Quand j'y réfléchis, c'était quand même il y a dix ans... Dix ans durant lesquels mon but était de tirer profit de ce diplôme.

Enfin, c'était mon but sur le moment, mais ma fainéantise habituelle en a décidé autrement. C'est qu'elle est très convaincante, ma fainéantise. Un pouvoir de dissuasion extrêmement développé, et une force de persuasion imbattable.

Faut dire que le bac, c'est un peu une fumisterie. On se dit que c'est le grand tremplin de la vie. Qu'après ça, les choses commencent vraiment, qu'on va vivre pour de vrai. Tu parles... Après ça, c'est la vie estudiantine. Je dois avouer qu'elle a ses bon côtés. Les soirées, les rencontres, les sorties, les filles (ou les garçons selon sa religion), les shooters, mais aussi les partiels, le stress, les hésitations d'avoir choisi la bonne filière, le questionnement intérieur de savoir si on va réussir sa vie. Bref, une angoisse infinie de ne jamais parvenir à vivre sa vie.

D'où une fainéantise ambiante de profiter de chaque instant, sans se poser de questions, parce que des questions, on s'en est déjà beaucoup posées.

Alors on passe son bac, parce que c'est un symbole de réussite. Et puis on l'a, normalement, si on a pas trop foiré. C'est pas que c'est ultra facile de l'avoir, c'est juste que c'est loin d'être un obstacle de taille. Il est plus facile d'avoir son bac, que de tomber sur un épisode de Friends en zappant à la télé. C'est dire... 

Moi je me souviens, j'avais un peu peur de pas l'avoir quand même. Pas parce que je me trouvais con, non, pas du tout, mais parce que j'avais pas trop révisé (ma fainéantise sus-contée). Et puis c'était tombé en plein Euro de football. Et à cette époque là, l'équipe de France, elle avait de la gueule. C'était des joueurs de foot, humbles, qui faisaient rêver, qui avaient du respect pour les gens en général. Bon c'est vrai que c'était plus facile pour eux, parce qu'ils gagnaient, alors ils étaient un peu moins critiqués. Mais d'un autre côté, ils cherchaient pas les polémiques en se tapant des jeunes filles de 16 ans, ou en insultant à tout va les journalistes, ni en méprisant les supporters qui se déplaçaient pour les applaudir et les soutenir. C'était un autre temps.
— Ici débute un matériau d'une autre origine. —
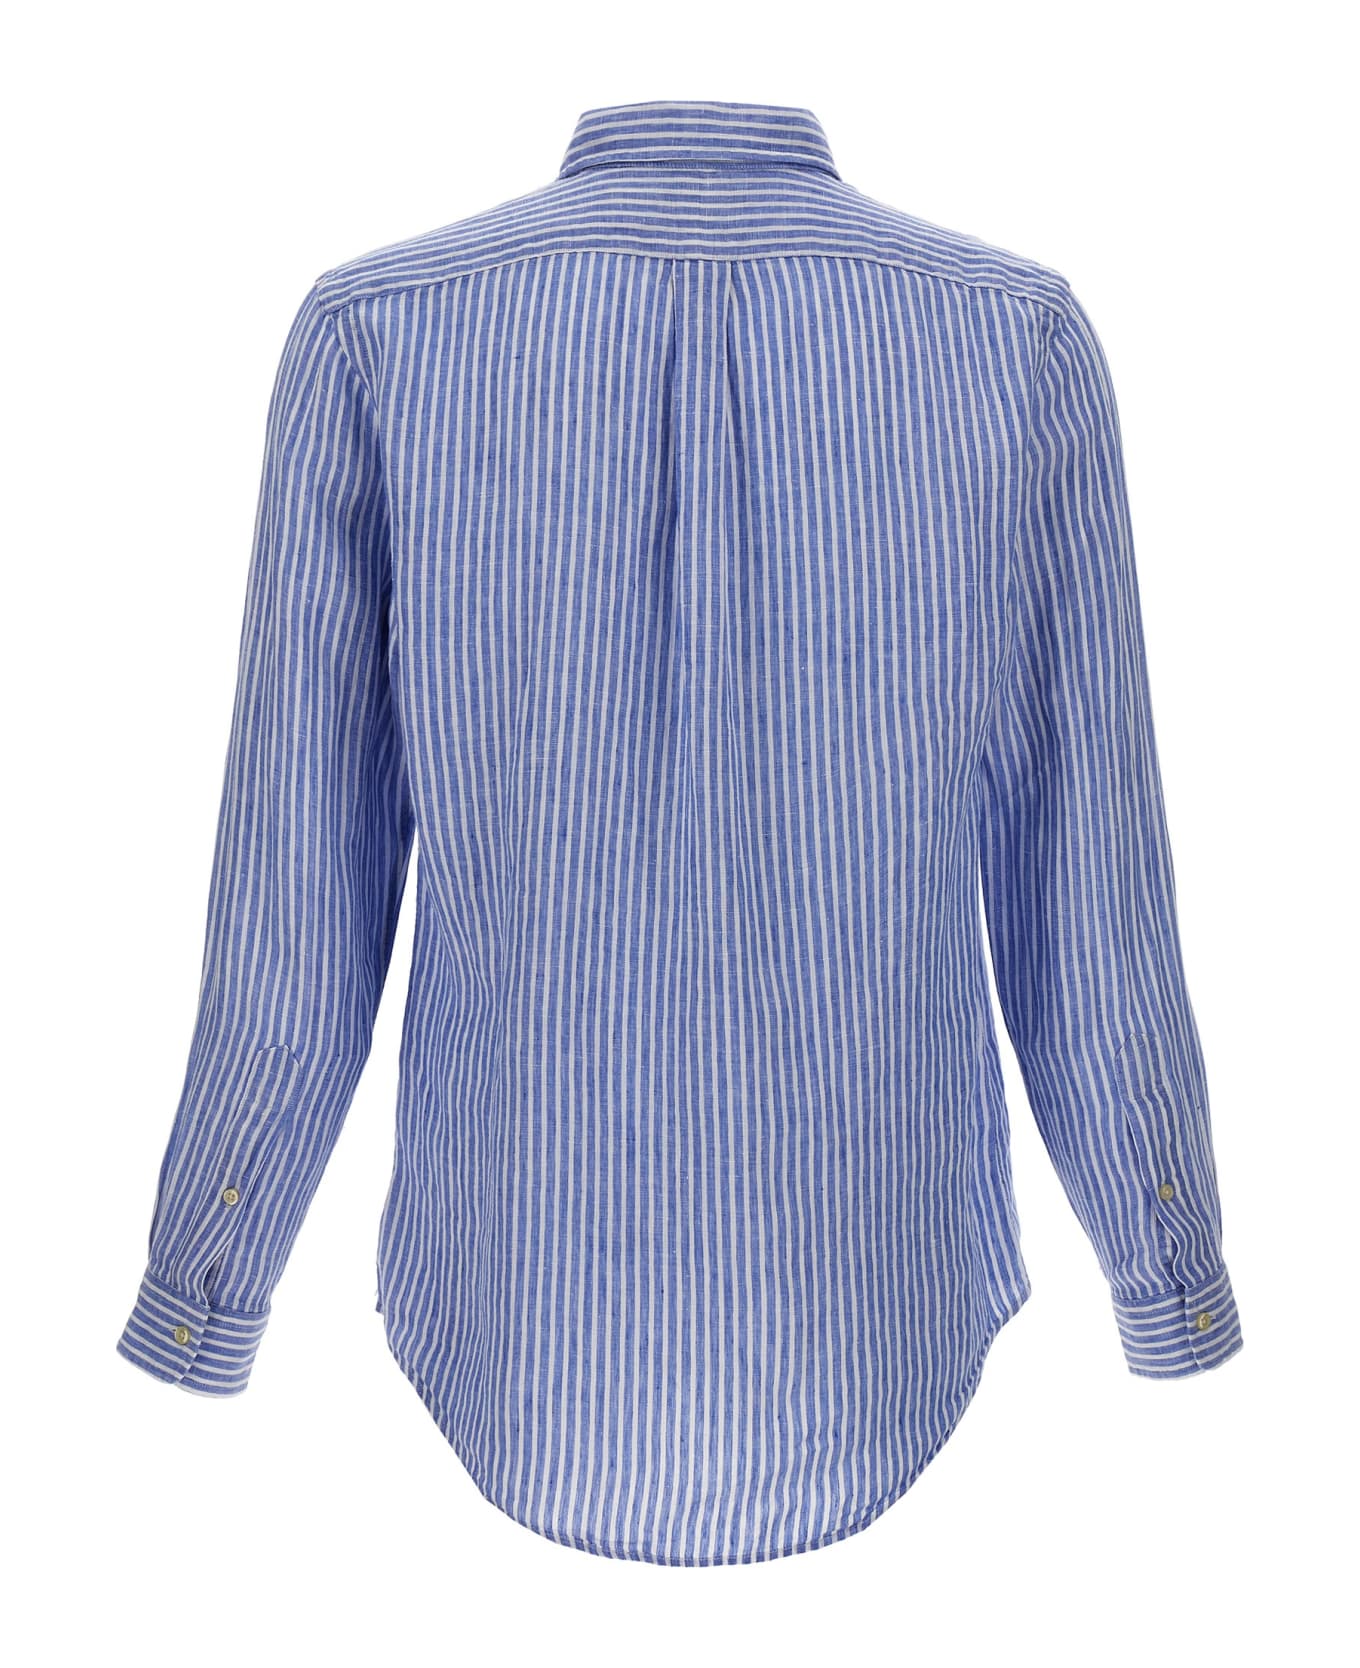 Ralph Lauren Logo Embroidery Striped Shirt - Multi シャツ

Du coup, je regardais les matchs à la télé, et j'écoutais Laurent Ruquier à la radio. Mes journées étaient overbookées je vous dis...

Mais je révisais quand même un peu. Le minimum. Et comme je n'étais pas complètement con, je retenais ce que j'apprenais. Donc, vous l'avez compris, j'avais saisi le minimum.

Mais comme on sait jamais, dans la vie, je n'étais pas assuré à 100% d'un succès franc et massif.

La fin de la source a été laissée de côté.